To take another example, if you are trying to measure a gain in learning, you may want to administer to a sample of people the same learning assessment before and after the intervention (e.g., a pre- and post-assessment) that is theorized to cause the gain.

You may also want to revisit the settings from which you need data. The value of observing a setting multiple times is that it allows you to detect patterns that you can draw conclusions from. The fewer the number of times you observe, the greater the chance that what you observed is the "exception," rather than the "rule." For example, if you have information that students in a particular classroom tend to behave differently on Fridays than on Mondays, you may want to visit the classroom on both days.

To administer the same instruments to the same people multiple times, interview them multiple times, or make repeated visits to the same settings, you should determine what interval of time should transpire between the data collections. To make that determination, answer this sequence of questions:

  1. When should the first and last data sets be collected?

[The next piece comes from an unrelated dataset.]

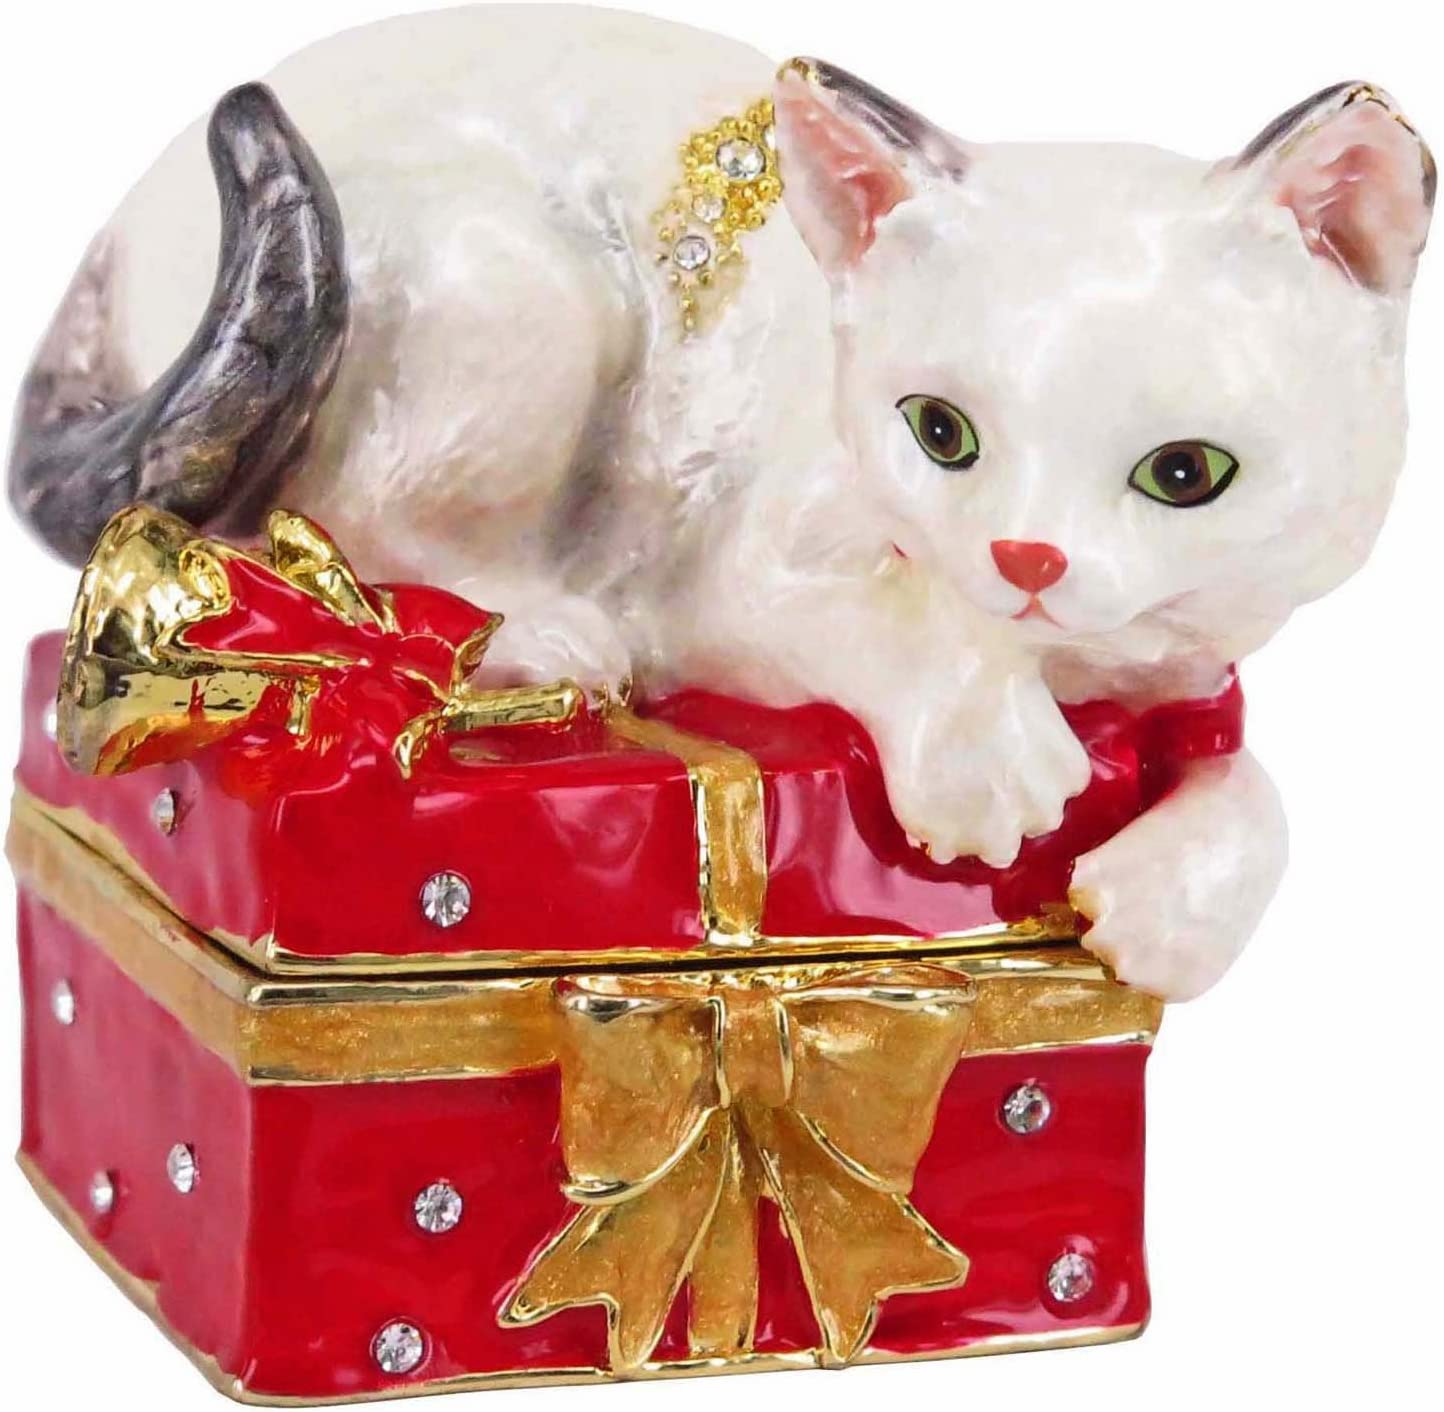 RUCINNI Kitty Jeweled Trinket Crystals 別倉庫からの配送 with スピード対応 全国送料無料 Box Swarovski
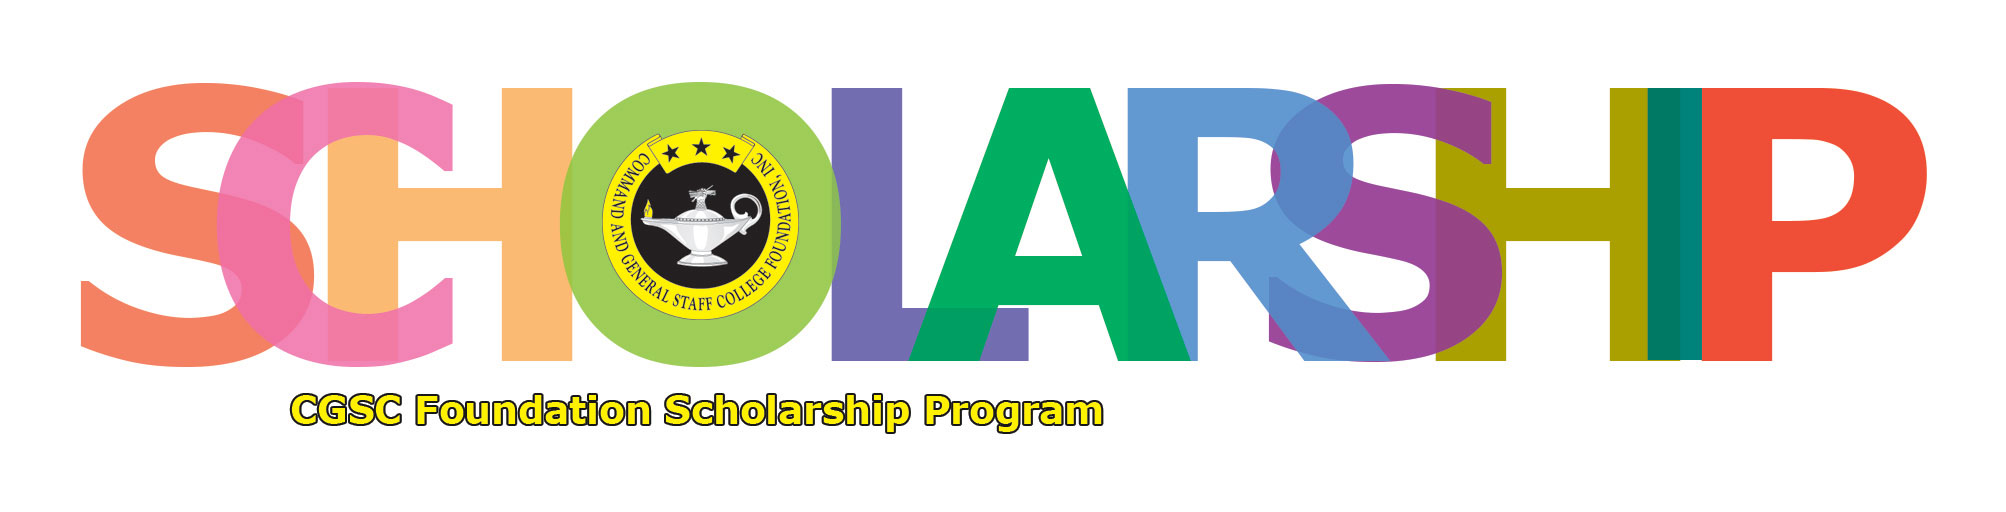 CGSCF Scholarship Program logo

  2. How many data sets should be collected in the interim

  3. Will the interim data sets be most informative if they are collected at equal intervals or should their collection be timed to correspond to specific milestones or events?

Related to the issue of when and how many times to collect the data is concern about how far into the future you can project an effect. Some project stakeholders theorize that their project will result in an effect that is sustained over a long time. An example would be a project that aims to build inquiry skills in students that they can apply in many contexts in the future. Conversely, an example of a project that does not project a sustained effect would be one that only aims to better prepare students to improve their achievement in the content of a certain course. If the project you are evaluating is meant to result in a sustained effect, you should do what you can to detect that effect.

Determine if and how data on the same people should be collected in multiple settings.

If your design requires collecting data about a particular group of people, you may want to collect data about the group in different settings to see if a common pattern emerges. For example, if you are trying to evaluate the interaction between groups of students taking a course that meets in a variety of settings such as the computer lab, field trips, and the classroom, you may want to observe them in each setting.